Trap cost is the dominant overhead. Each intercepted instruction costs a privilege transition, register save/restore, and dispatch. A guest workload that touches sensitive state frequently — kernel-heavy code, frequent system calls, page-table churn — pays this cost on a hot path. The history of CPU virtualization is largely the history of reducing the number of traps and reducing the cost of each one.
Trap-and-emulate is silently also doing memory virtualization. Many of the instructions that trap (MOV CR3, INVLPG, INVPCID) exist precisely because they manipulate translation. The CPU and memory components of a VMM are coupled at this layer; they are separated in this survey only for exposition.

On architectures that satisfy the Popek–Goldberg condition (System/370, MIPS, recent ARM with virtualization extensions enabled), trap-and-emulate is sufficient. On architectures that do not — historically, x86 — it is not, and the VMM must resort to one of the techniques below.

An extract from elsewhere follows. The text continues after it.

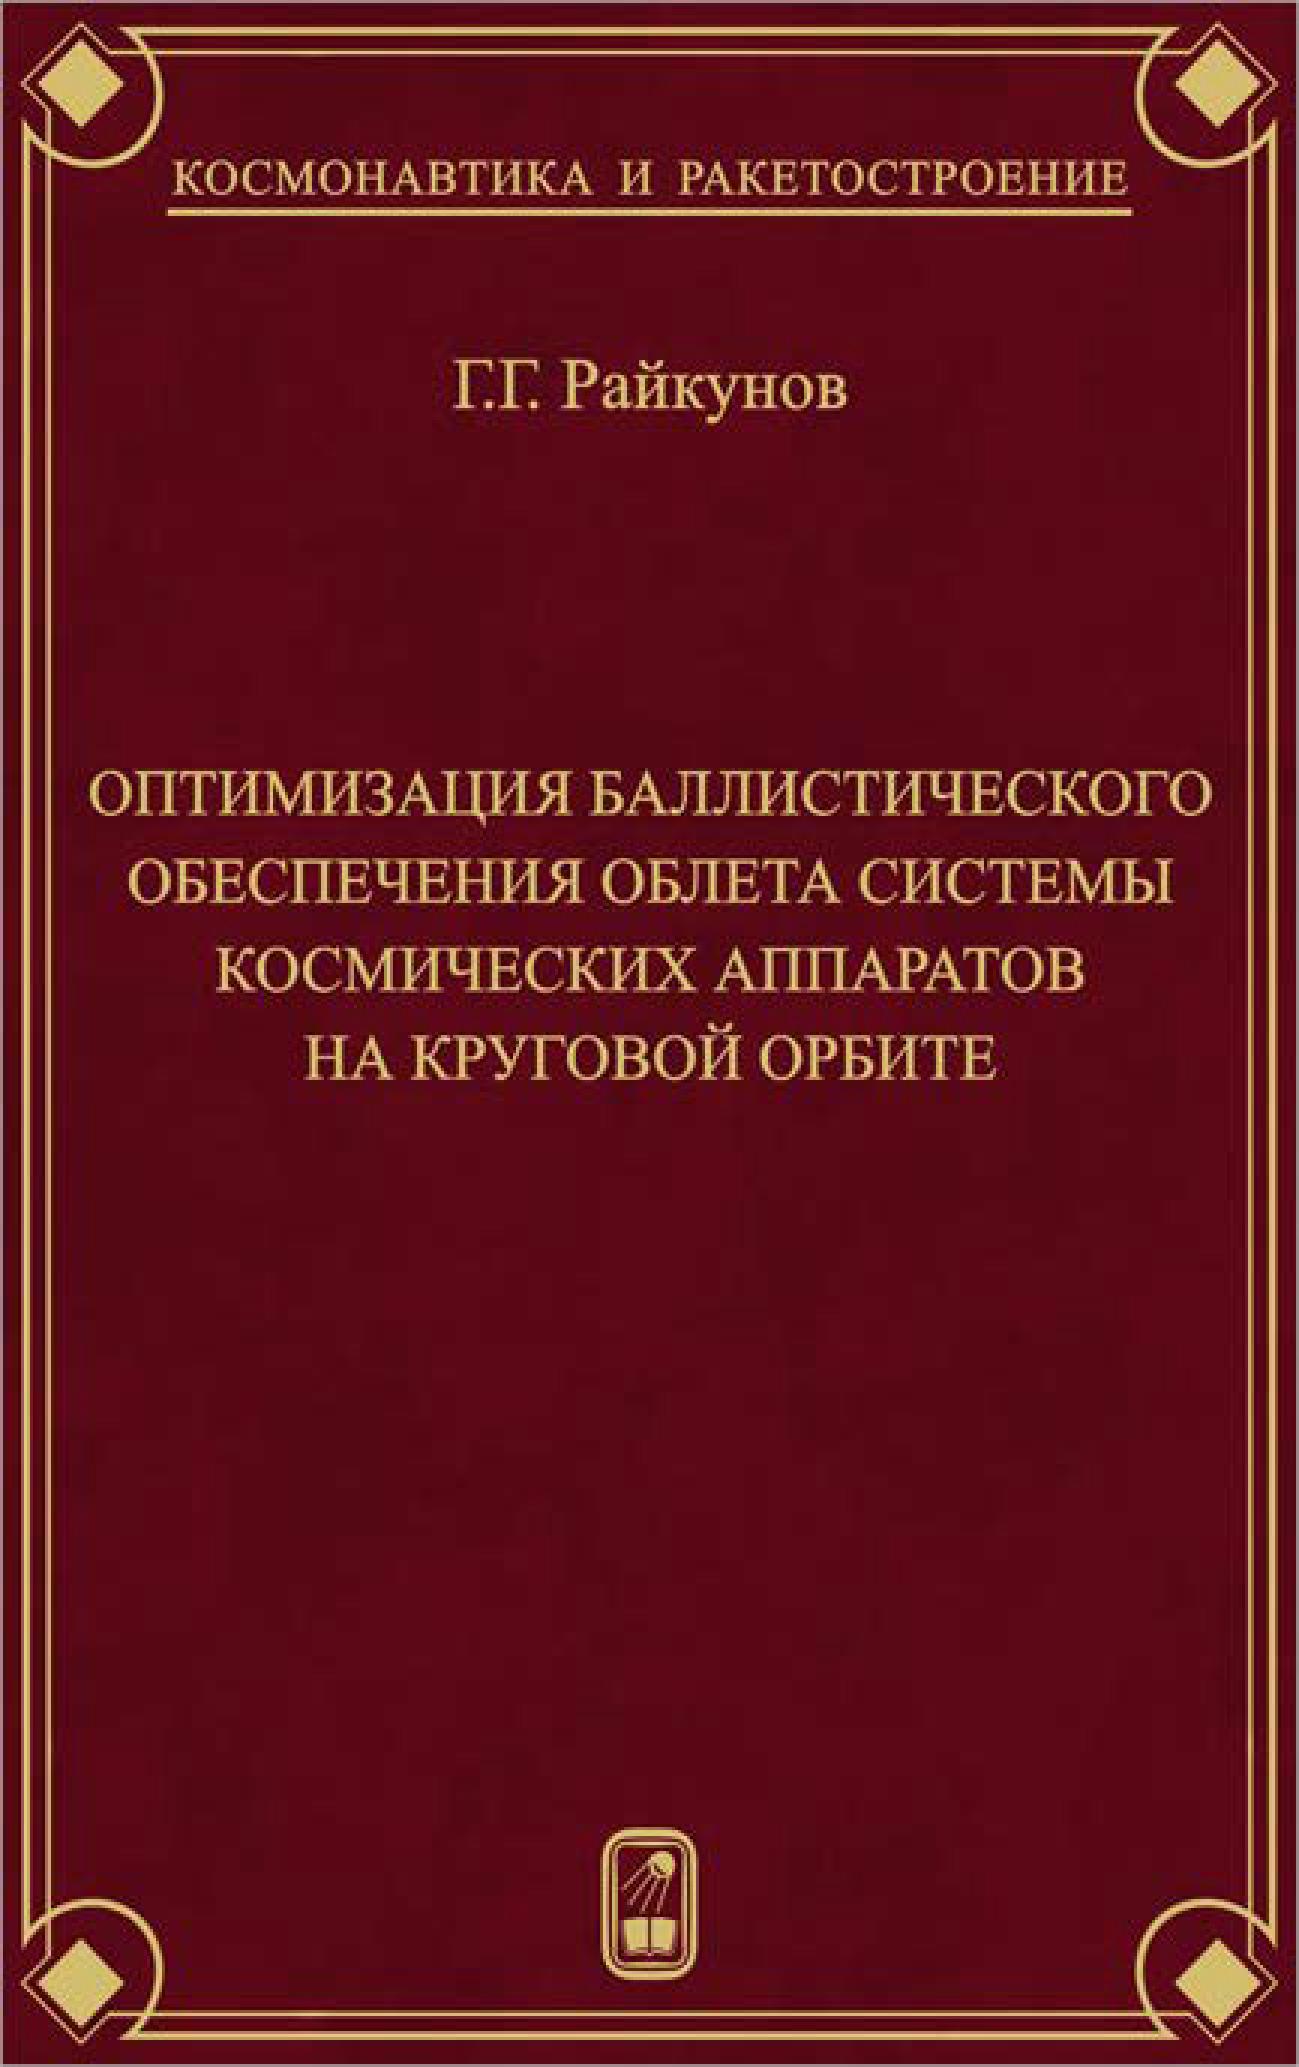 Г. Г. Райкунов Оптимизация баллистического обеспечения облета системы космических аппаратов на круговой орбите

Software-Only Virtualization on Non-Virtualizable Architectures

Foundations introduced the x86 virtualization gap: a small but irreducible set of instructions that are sensitive but not privileged, and that therefore execute silently in deprivileged mode without trapping. From the mid-1990s until the introduction of VT-x in 2005, two software techniques bridged this gap. They are largely of historical interest now, but the trade-offs they reveal recur in any system that tries to virtualize without complete hardware support.

Binary Translation

In binary translation (BT), the VMM treats the guest code stream as input to a translator. Before any block of guest code executes for the first time, the translator scans it, emits a translated copy into a separate buffer, and runs the copy in place of the original. Non-sensitive instructions are emitted unchanged. Sensitive-but-non-privileged instructions are replaced with calls into the VMM that emulate the intended semantics against the guest’s virtual state.

The translation is dynamic: it happens lazily as guest code is encountered, not ahead of time. Translated blocks are cached so the translation cost is paid once per unique code path, not once per execution. In steady state, a hot guest workload runs almost entirely from the translation cache.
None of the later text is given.